In the present study, we have made a detailed analysis of structure–activity relationship for compound A and B in the context of its inhibition of CDK2 activity. Both the compounds screened in the present study had the intact phenanthrene ring which is fused with γ-lactame ring (Figure 1). Compounds having such moiety, most likely, offer a wide range of bioactivities including anti-inflammatory, antimycobacterial, and neuro-protective and antiplatelet activities [22-24]. Recently, such compounds had been shown to have anticancer activities [5, 10]. Hence, phenanthrene ring with a fused γ- lactame ring seemingly to be important for imparting CDK2 inhibitory activity.

Aristolochic acid which have phenetherene ring but no γ- lactame ring, has been reported for antitumor activity [25]. Sauristolactam and aristolactame AIIIa- derivatives of aristolochic acid which have γ-lactame ring fused with the phenenthere ring have been reported for their anti cancer and antitumor activities in several cancer cell lines [5, 26].

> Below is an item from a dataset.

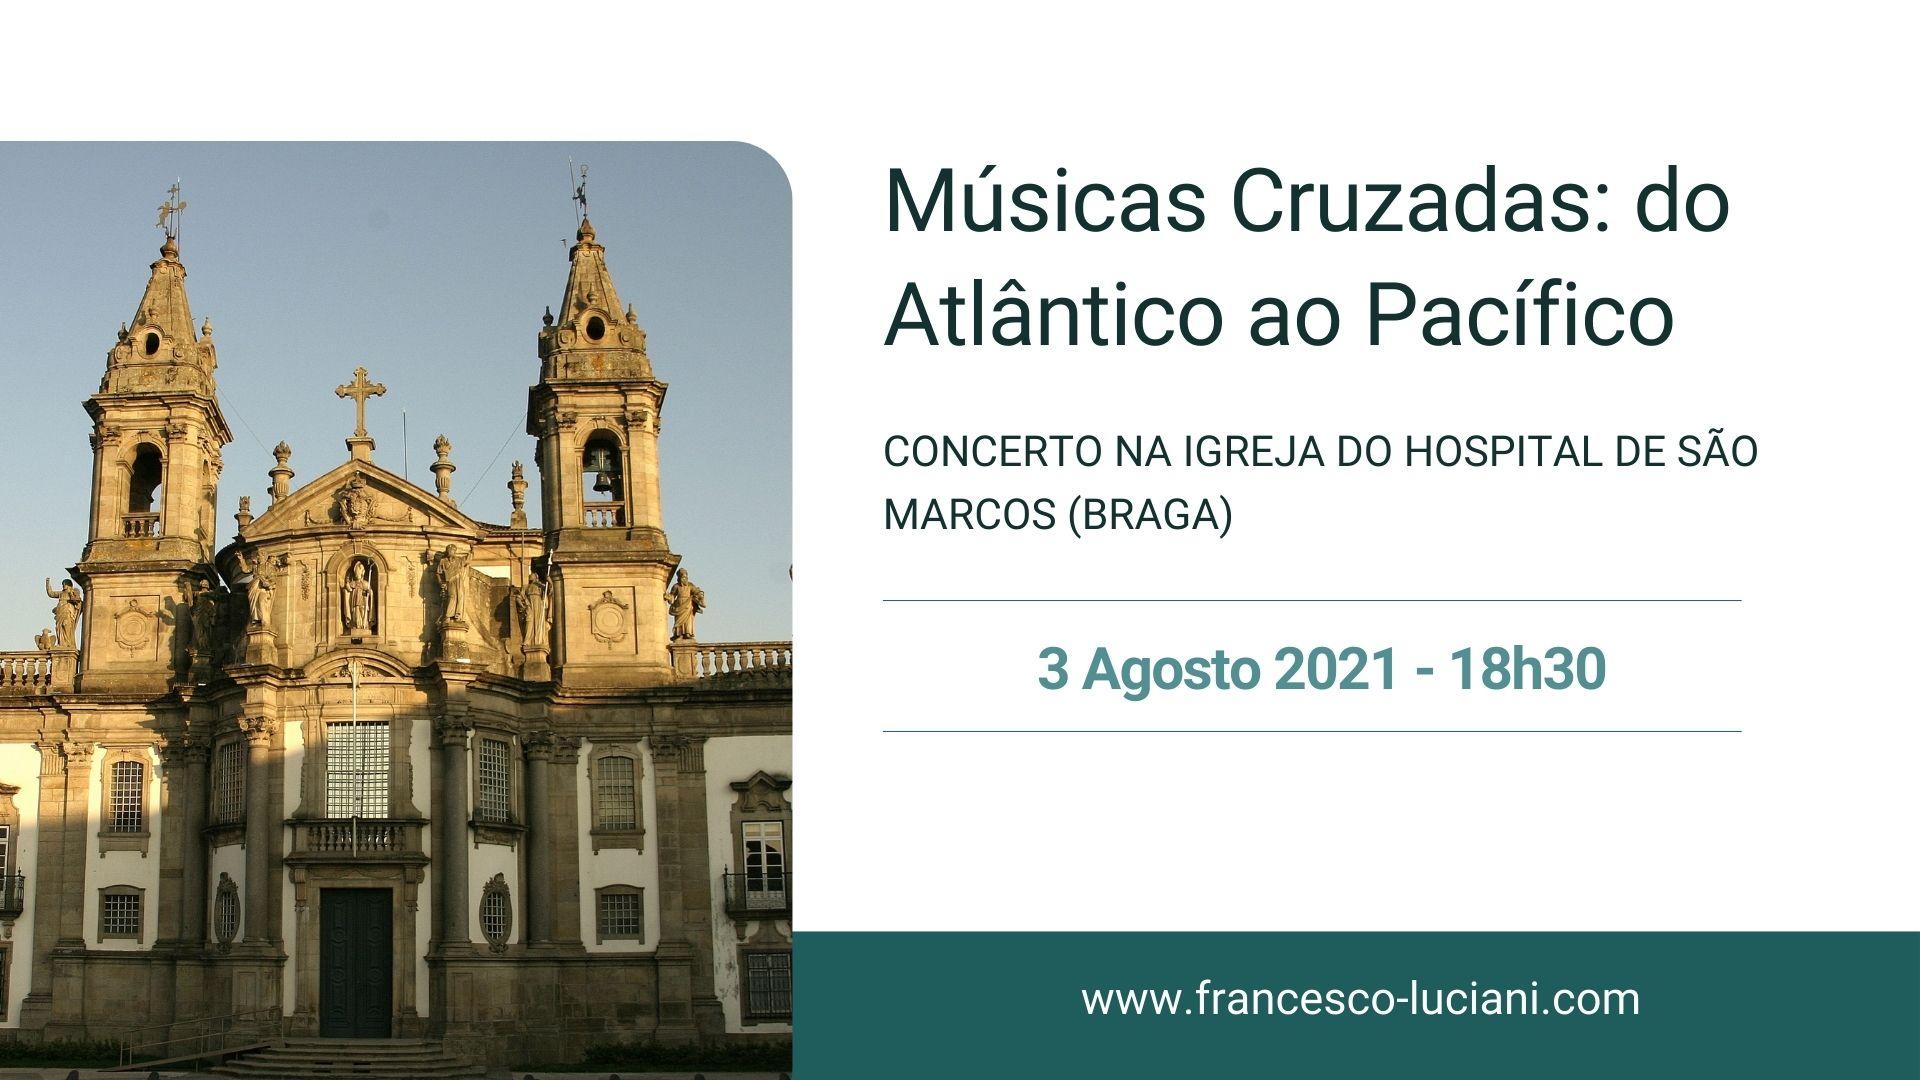 Concerto Igreja do Hospital de São Marcos, Braga - 3 Agosto 2021 - Guitarrista Francesco Luciani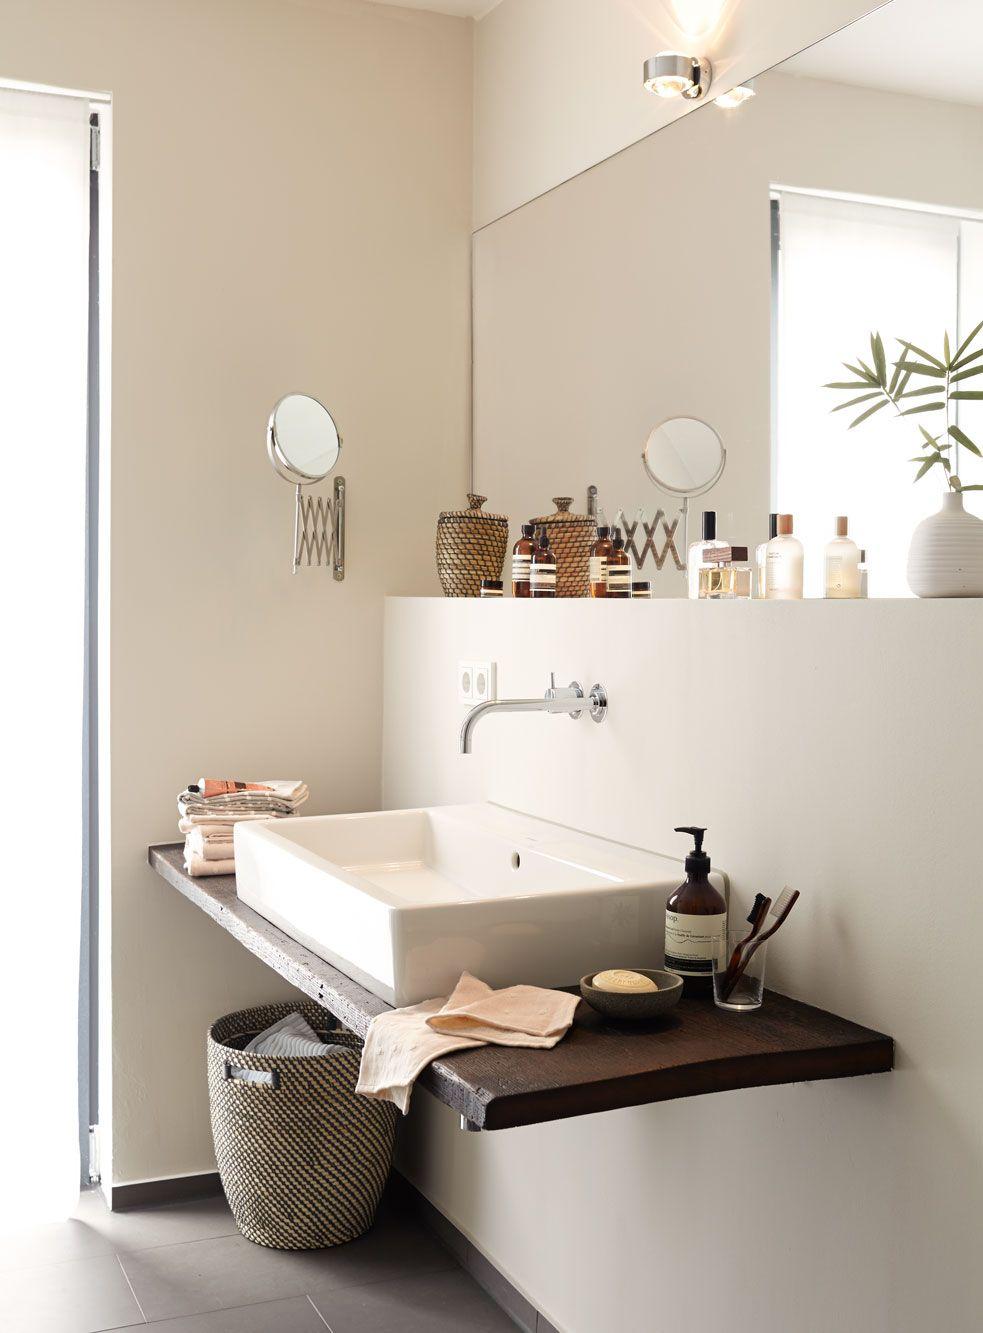 Badezimmer inspiration badezimmer design feine farben küche farbe einrichten wohnen wandfarben schöner wohnen inneneinrichtung neutrale wohnzimmer

Particularly, aristolactame AIIIa recognized recently as a ligand/inhibitor for polo-box domain of polo-like kinase 1. All these evidences indirectly suggest that the phenetherene ring is deemed to be an essential feature for aristolactams and a fused γ-lactam moiety increases their activity as an inhibitor. Further enhancement of activity is bringing about by presence of dioxal moiety [10]. In present study we found that compounds are anchored in to the hydrophobic cage of IBS by a hydrogen bond between nitrogen atom of γ-lactam moiety and oxygen atom of LEU 83 whereas phenetherene ring is involved in to making week interaction inside the hydrophobic cage. In addition of this a higher binding energy (9.7okcal/mol) of compound B with CDK2 IBS is observed. These all evidences suggest that our present finding is in the agreement earlier in vitro findings. CDK2 is involved in to initiation of DNA synthesis during G1/S transition phase [11, 12] and in S-phase CDK2/cyclin-A complex prevents unscheduled activation of transcription factor E2F and facilitates cell cycle to passes this phase without interruption [13]. The role of CDK2 during the S phase of cell cycle is not well defined. However, due to its rate-limiting role the cell cycle, it has been regarded as a potential target for cancer therapy. A study recent study claims that in comparision of compound B, compound A is more selective for CDK2 compared to other related kinases but CDC2 kinase has a close homology with CDK2 and compound A shows similar inhibitory activity. However A showed more selectivity against other kinases like CDK4, aurora-2 kinase and MAP-kinase [10]. In our study, we found that compound A shows 100% frequency in its best possible position inside IBS of CDK2, whereas it is only 73% for compound B. Since a frequency of a species in the population corresponds to the probability of occurrence. In other words later is a parameter of selectivity and specificity of compounds to IBS of CDK2. Hence, our finding is in agreement with the finding of [10]. The seemingly greater selectivity of compound A with CDK2 as earlier studies reported could make it a better lead for designing anticancer drugs.

Conclusion:

We have shown the possible interactions of compound A and B isolated from a Chinese herb Aristolochia manshuriensis with the IBS CDK2. This could provide a structural and molecular basis for the existing evidences for anticancer properties of compound A, B and related compounds. Such observations can also help to consider compound A and B as an effective scaffold for rational design of novel and potential drugs against cancer.

Competing interests:

Authors declare that there is no competing interest among them.